桃⼭時代の茶⼈たちは、器のヒビに美を⾒出し、あえて⾦で修復することで、欠点を個性に⽣まれ変わらせる「継」という技法を使っていた。中には割れていた器を継ぐだけでなく、わざと器を割ってつなぎ直したり、さらには⽋けた部分に別の器の破⽚を組み合わせる「呼継ぎ(よびつぎ)」ということも⾏われていたという。
この伝統的な「継」の技法を使い、新しく独創的な作品を⽣み出し続けているガラス造形作家・⻄中千⼈の作品が、2020年12⽉15⽇(⽕)〜1⽉15⽇(⾦)銀座 蔦屋書店の日本美術コーナーに展示中だ。
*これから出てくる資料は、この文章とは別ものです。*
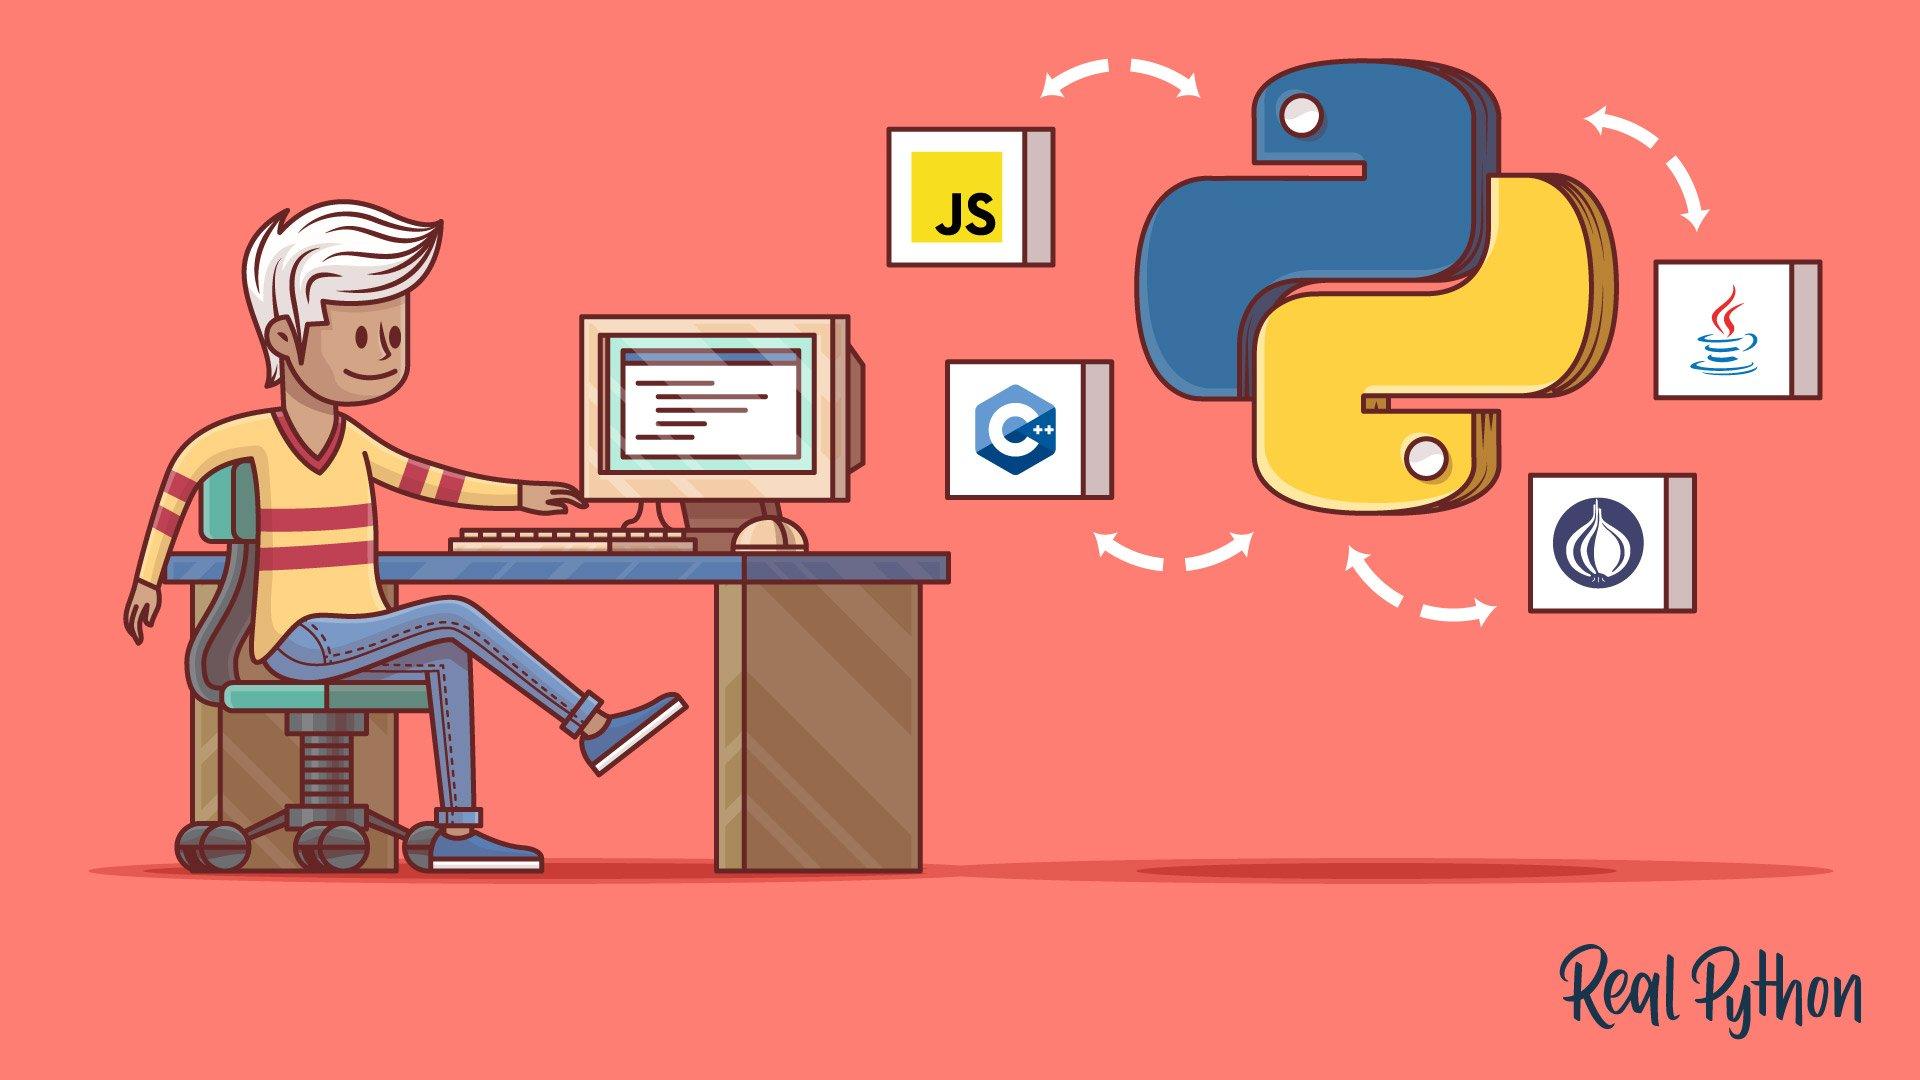 Switching to Python

⽇本伝統⽂化である「継」に根差した新しい表現の可能性をぜひ感じてほしい。
なお、作品展示に合わせて12⽉18⽇(⾦)には、創作への想いについて語るトークイベントも開催される。

◆アーティストステイトメント
今の⾃分を越えるために、⾃ら作った器を叩き壊す。 ただ、⽣まれ変わり未来を⽣み出すために。
世界中で⽋点とされる器のヒビに美を⾒出し、あえて⾦で強調して修復し、個性的に⽣まれ変わらせた桃⼭の茶⼈の美意識。
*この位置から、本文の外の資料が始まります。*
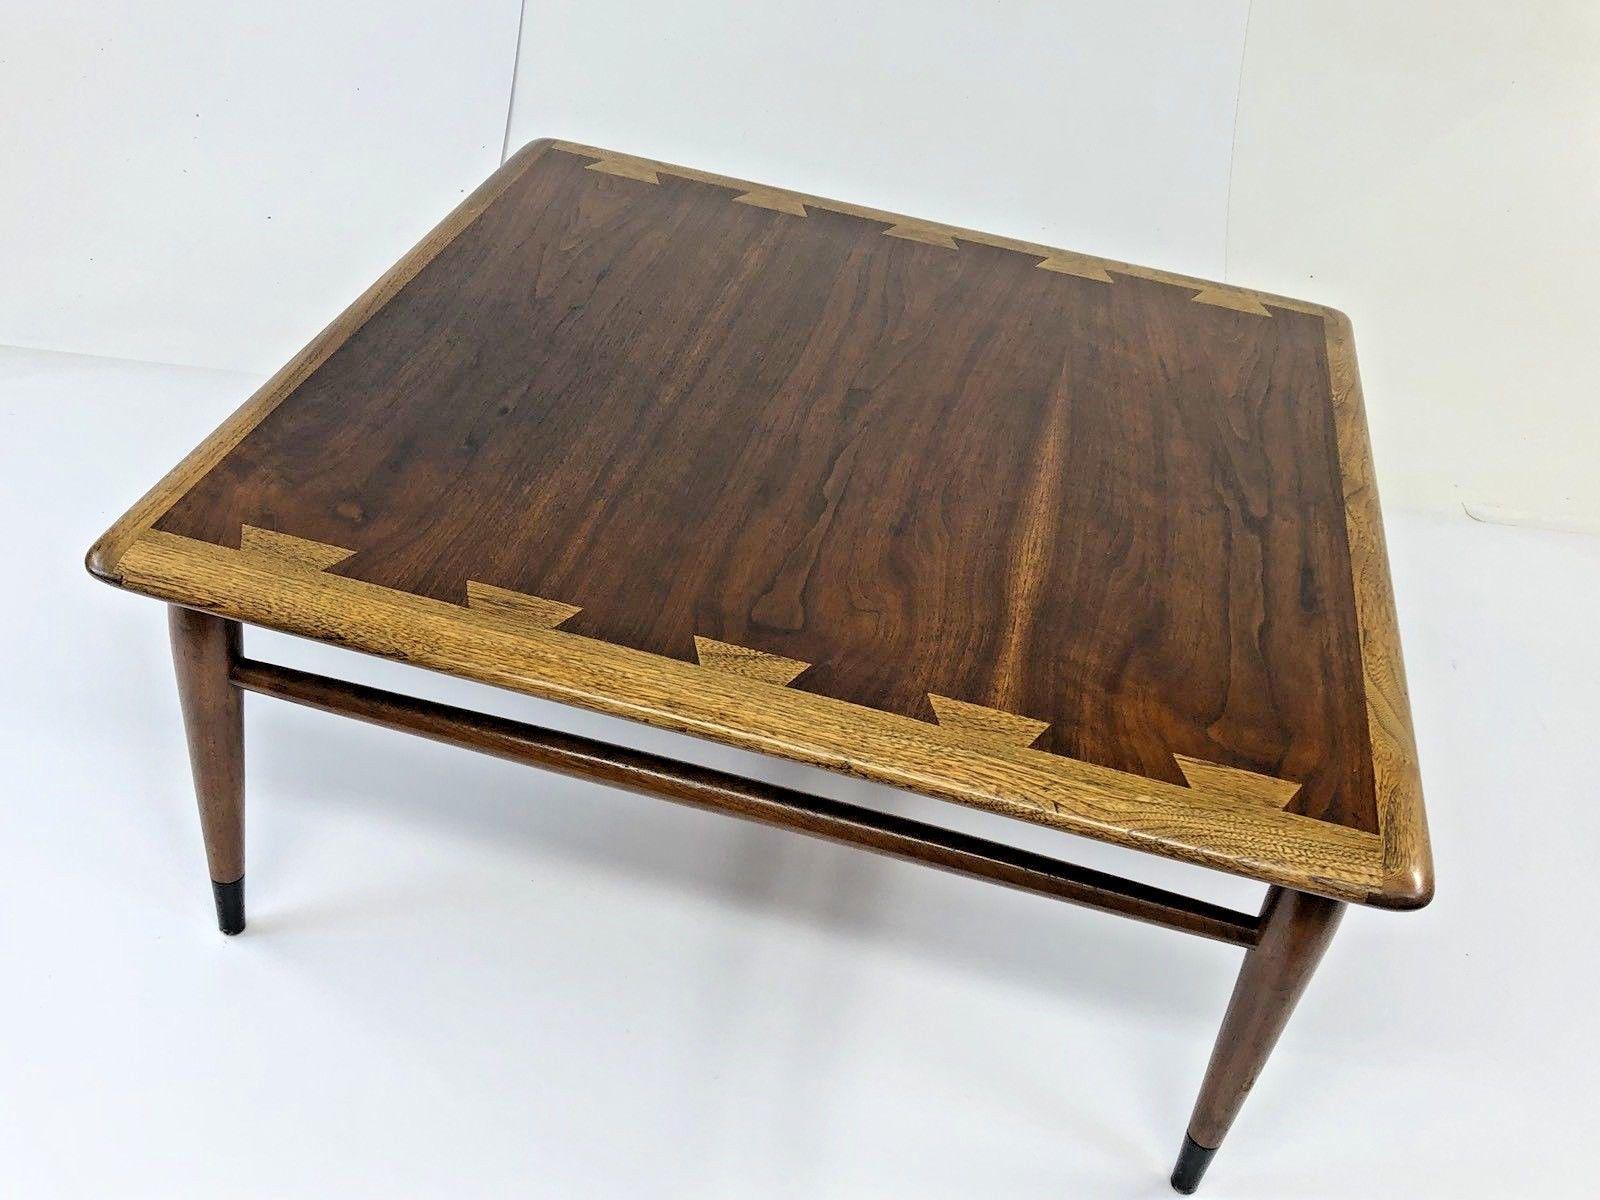 Mid Century Lane Acclaim Coffee Table Dovetail Modern Vintage Inlaid Walnut 60s Ebay Coffee Table Mid Century Coffee Table Lane Coffee Table [ 1200 x 1600 Pixel ]

⽇本独⾃の『継』の美意識は世界に誇る哲学として、私⾃⾝の表現の礎となっています。美しい器を割る時は今でも⼼が怯むことがあるけれど、壊すことで超えられる事象がある。
「過去の延⻑上に未来は無い、未来は⽣きている我々が創る」と信じています。

◆作家プロフィール
ガラス造形作家。1964年 和歌⼭市⽣まれ。
星薬科⼤学薬学部卒業後、薬剤師免許取得。カリフォルニア美術⼤学で彫刻とガラスアートを 学ぶ。「命の煌めき・再⽣」をテーマに、古の⽇本の美にインスパイアされた独⾃のガラス表現を追求。代表作は⾦継の美意識を礎とした「ガラスの呼継」と 命のつながりをメッセージとした「ガラスの枯⼭⽔」。近年は資源循環で持続型社会を⽬指すアート( SDGs x ART)に取り組む。パリ装飾美術館「ジャポニスムの 150 年展」(2018年)、⾹港⼤学美術博物館「藝流不息展」(2019年)やイギリス、フランス、アメリカ、⾹港のアートフェアに毎年出品。2019年に創作活動歴30年を迎えた。
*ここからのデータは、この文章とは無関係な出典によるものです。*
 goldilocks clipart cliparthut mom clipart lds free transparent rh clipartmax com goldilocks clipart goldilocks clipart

第1回ガラスの美展 in 薩摩 ⼤賞、WIRED 主催 CREATIVE HACKAWA RD 2013 グラフィック賞、ドイツWorld Media Festivals ⾦賞 等受賞。世界初リサイクルガラスの枯⼭⽔「つながる」を2019年5⽉京都法然院に奉納。世界最初の大学博物館であるオックスフォード大学 アシュモレアン博物館(イギリス)に呼継盌「黎明」と呼継茶入「有明」が収蔵された。
毎年約2ヶ⽉間⽇本を離れ、⾃分を⾒つめ直し過去の集積をリセットする旅に出る。世界54ヵ国を巡った異⽂化体験は創造⼒の源。「未来の伝統を今、作る」を哲学として活動。2002年 千葉県茂原市に⼯房を築き、以後 都市⽣活との程よい距離を保っている。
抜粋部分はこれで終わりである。